— Problem details —
Type out the whole listing again exactly, pictures omitted.

— Supplied data —
##########

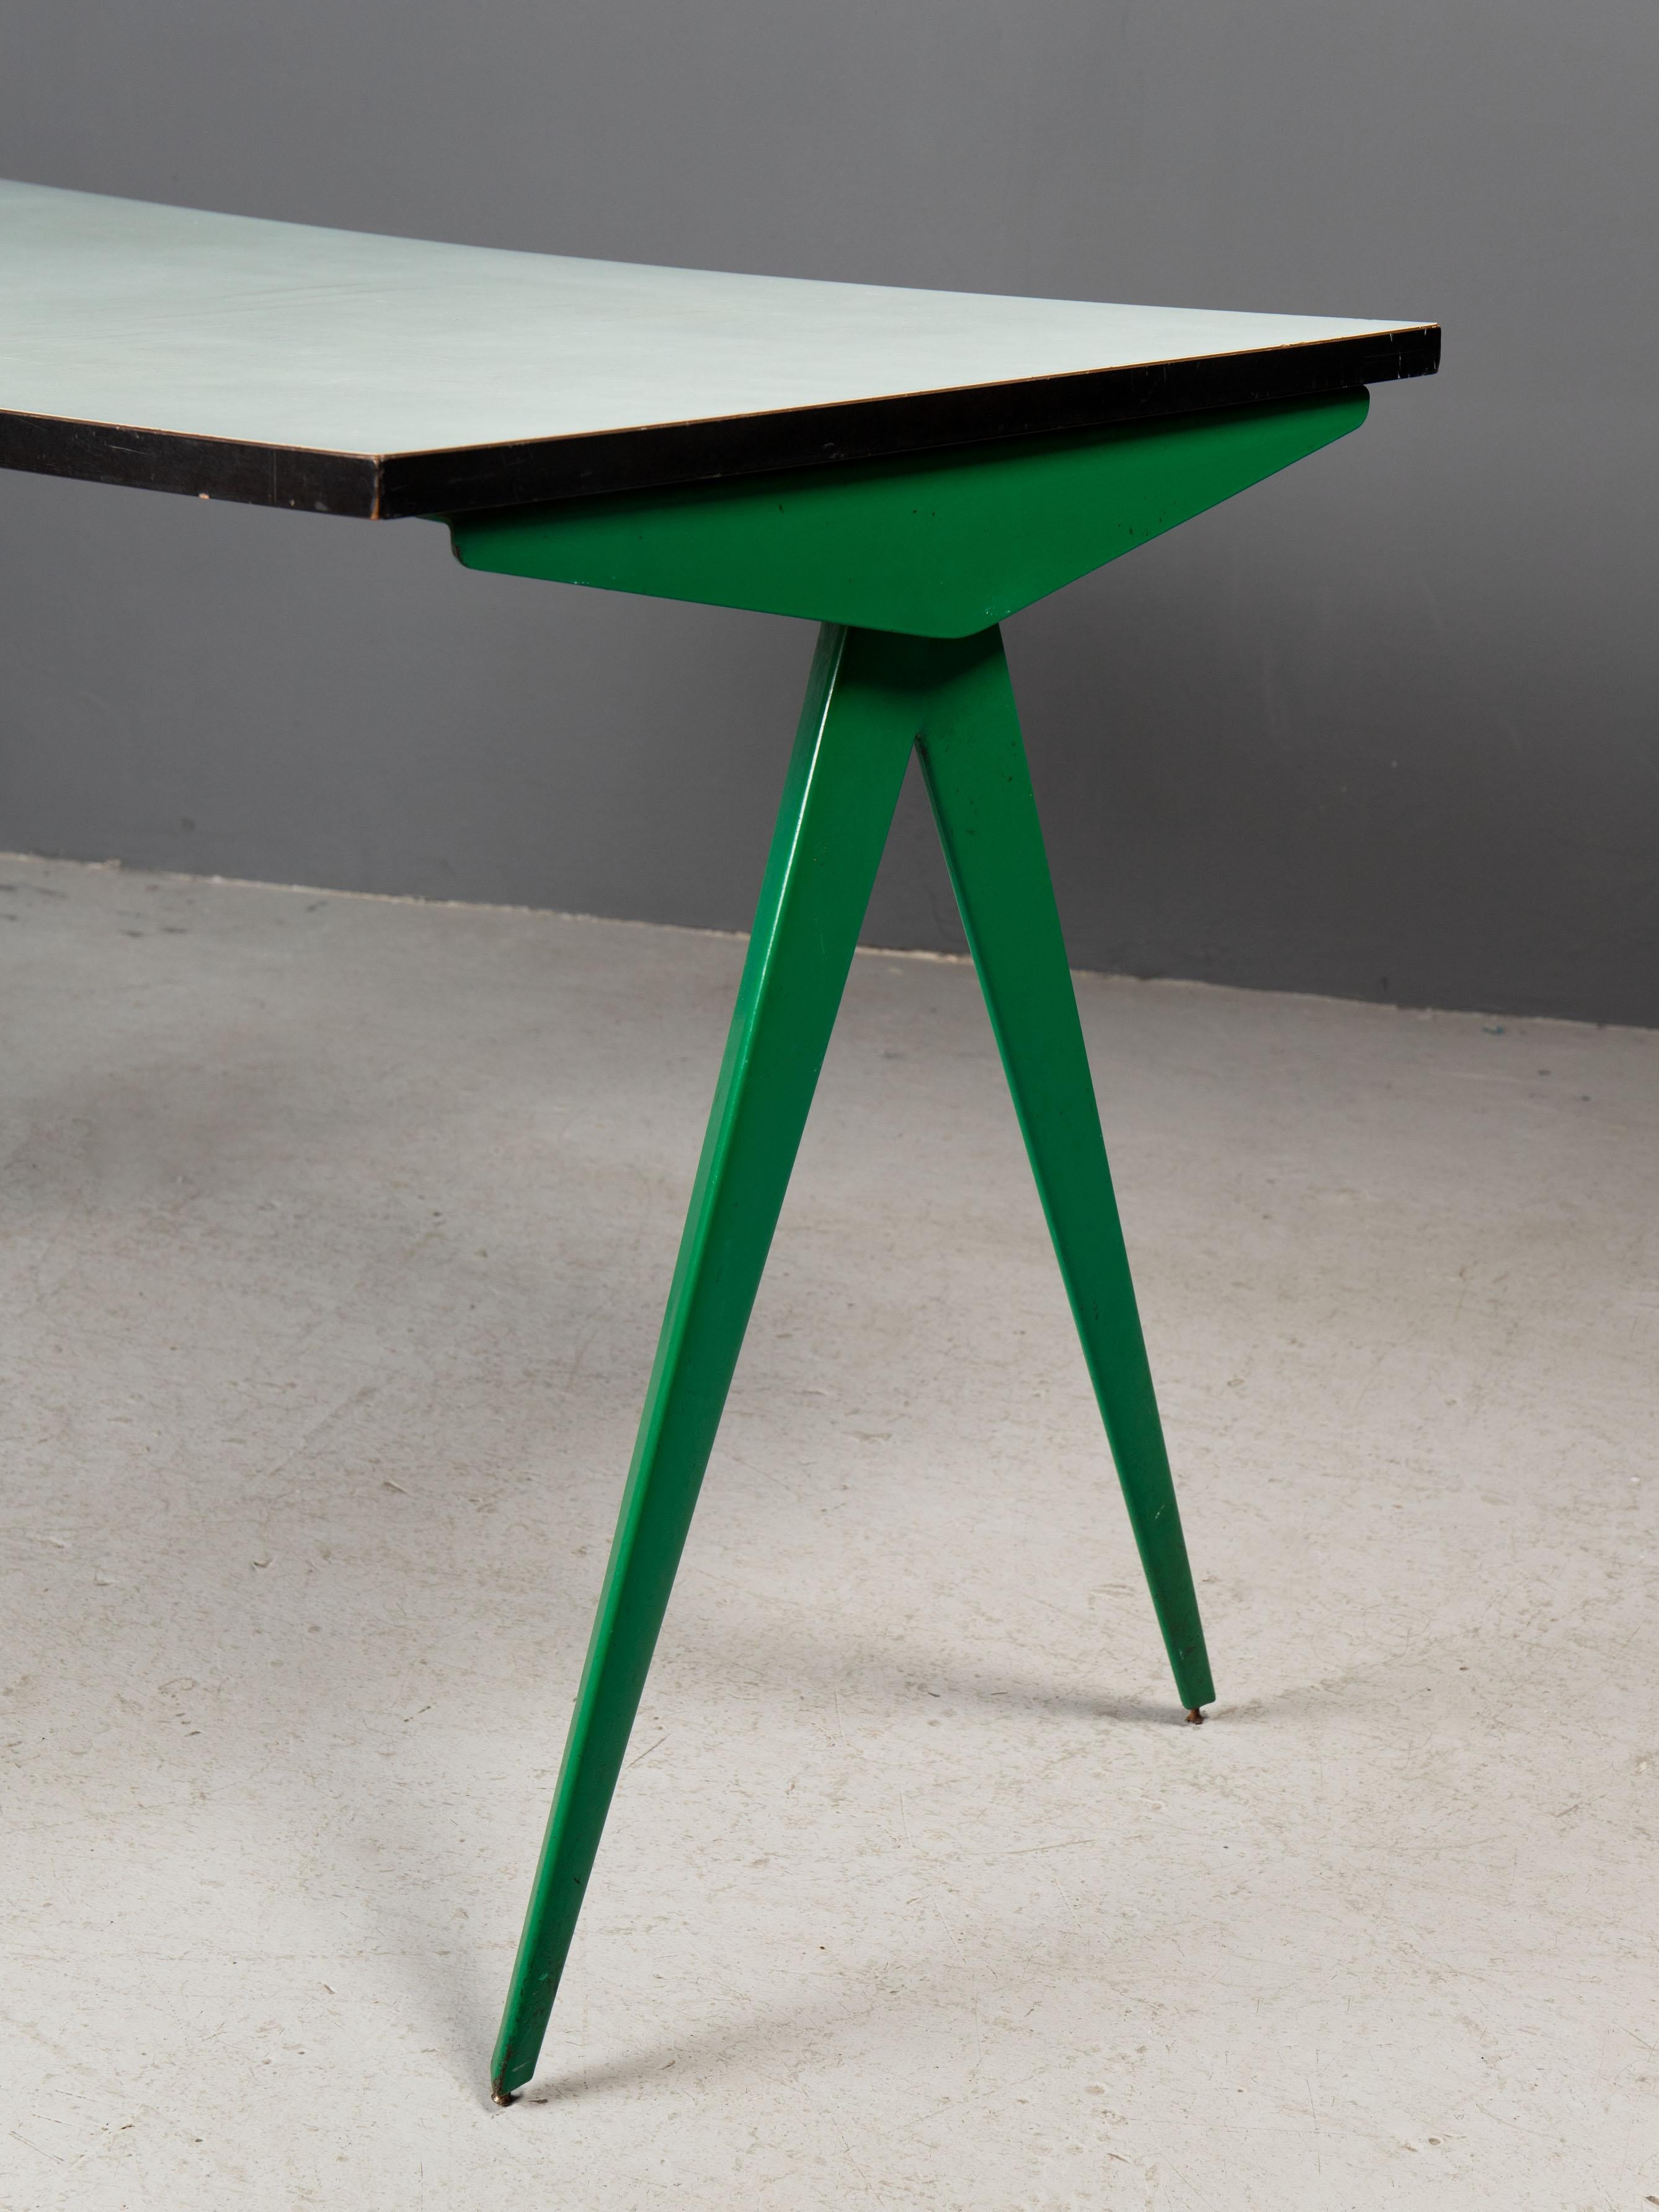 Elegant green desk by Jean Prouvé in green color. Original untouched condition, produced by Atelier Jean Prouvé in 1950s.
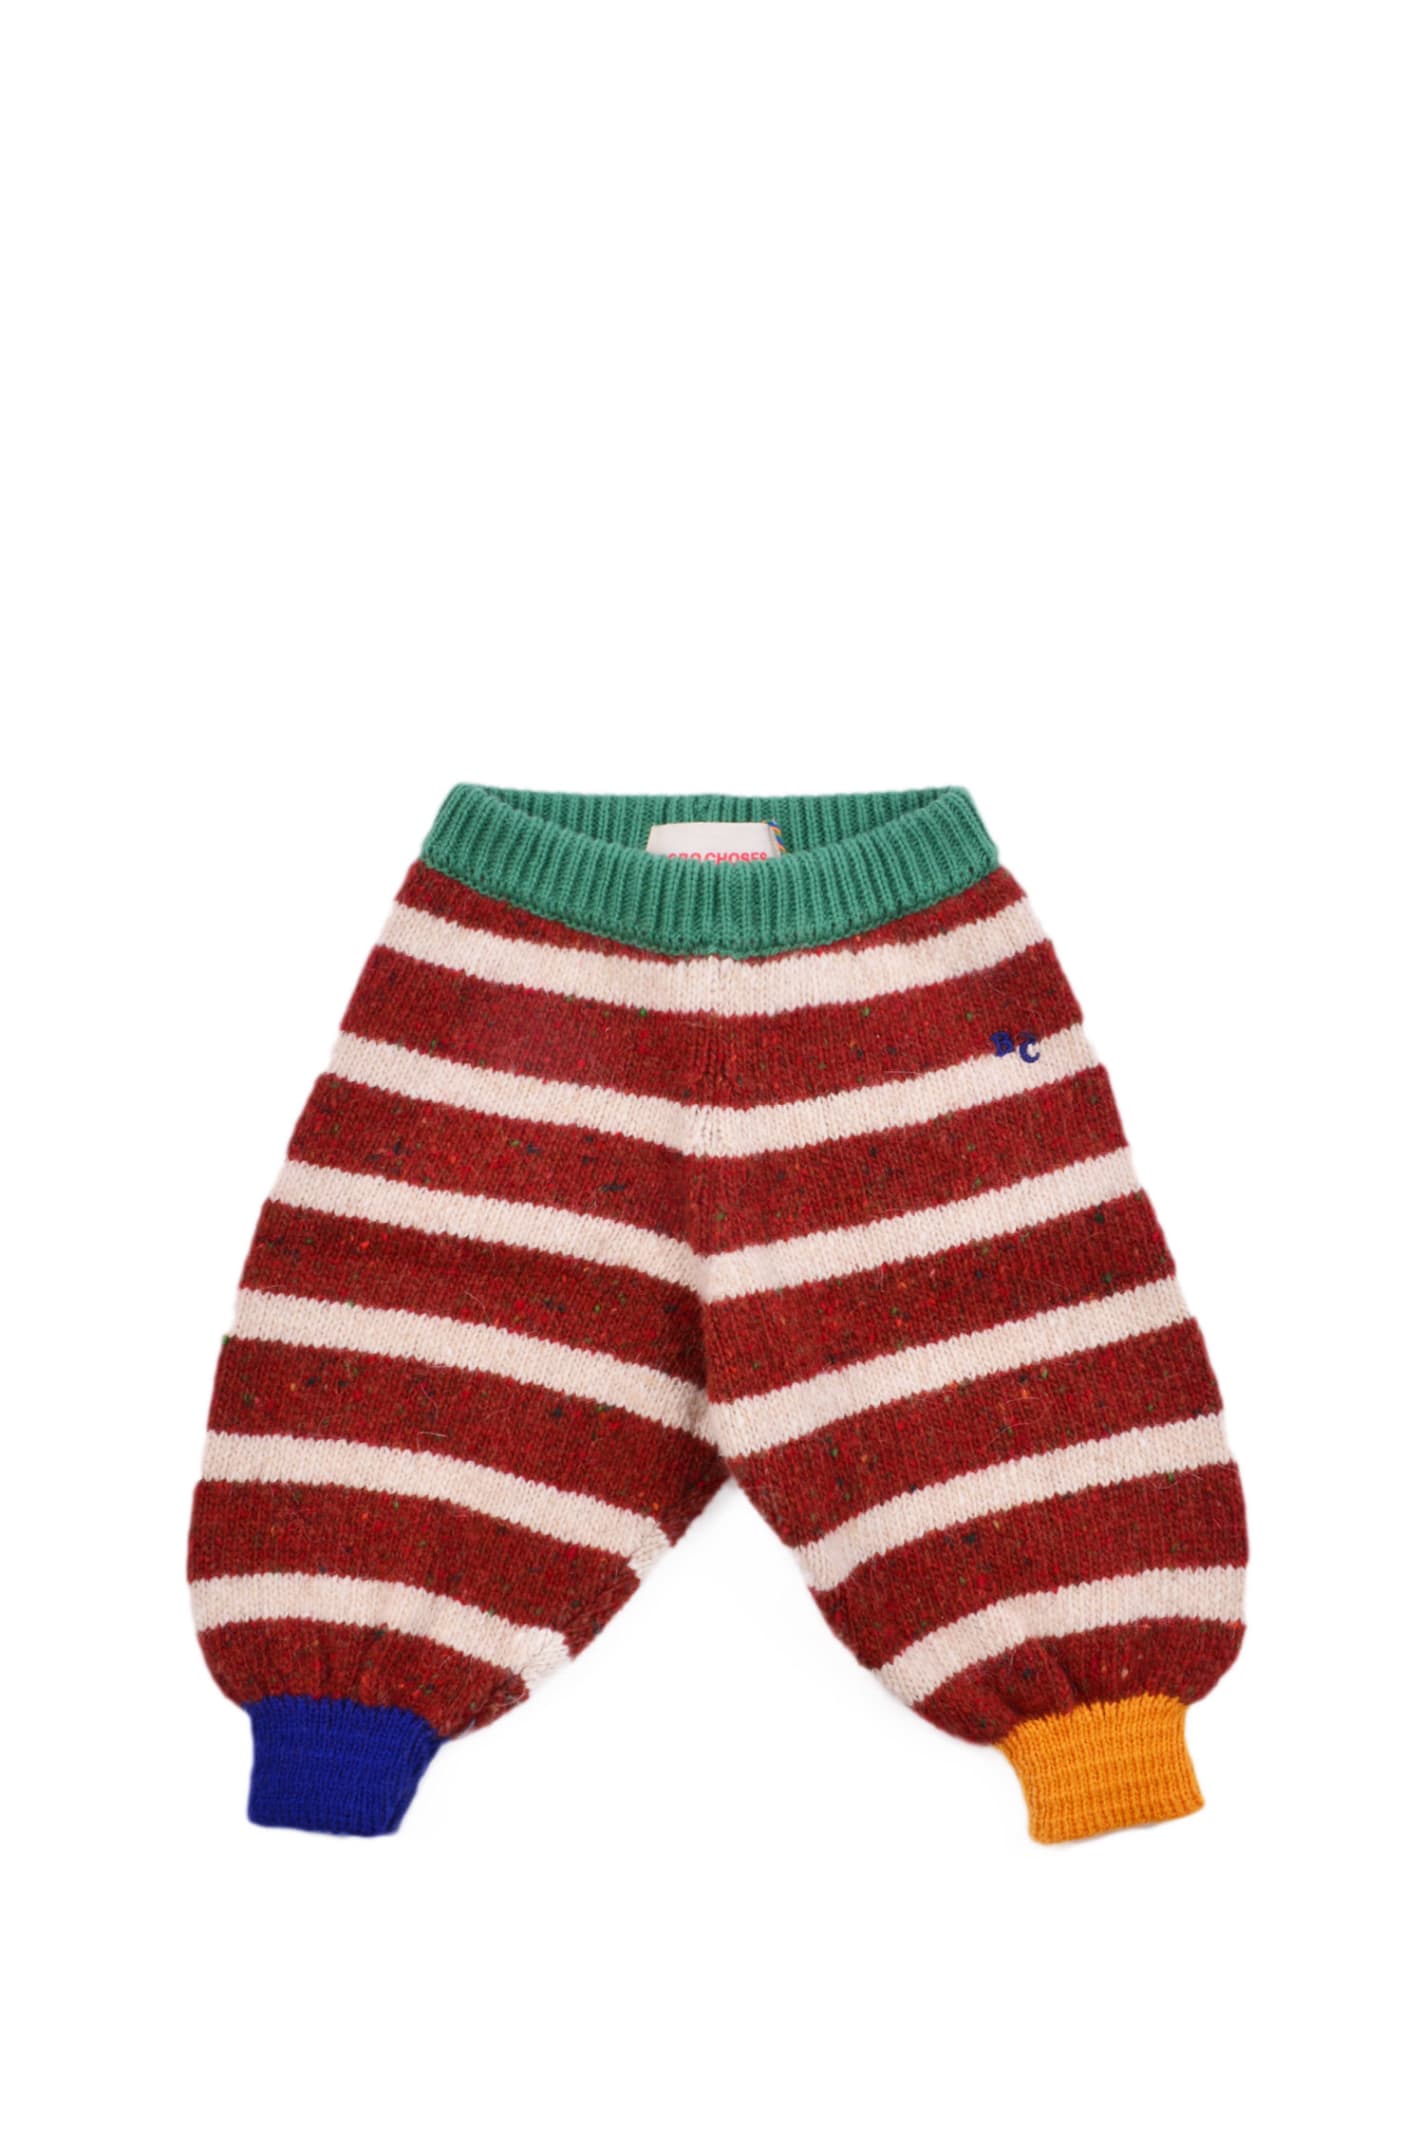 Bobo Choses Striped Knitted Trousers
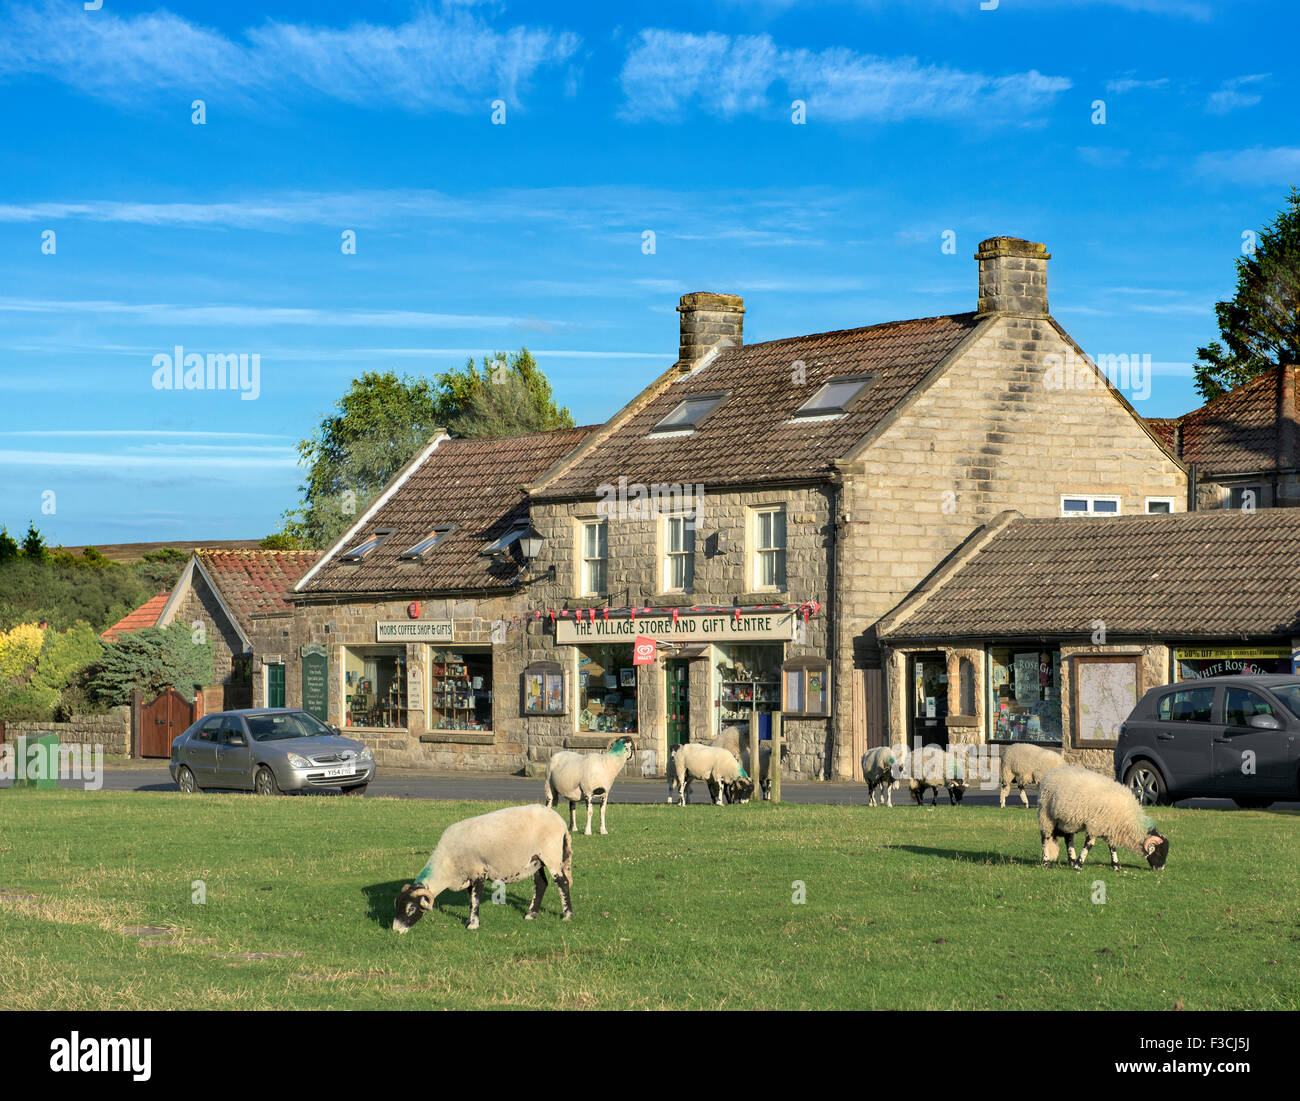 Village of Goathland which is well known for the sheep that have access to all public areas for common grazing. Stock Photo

##########

— Your response —
 Elegant green desk by Jean Prouvé in green color. Original untouched condition, produced by Atelier Jean Prouvé in 1950s.
 Bobo Choses Striped Knitted Trousers
 Village of Goathland which is well known for the sheep that have access to all public areas for common grazing. Stock Photo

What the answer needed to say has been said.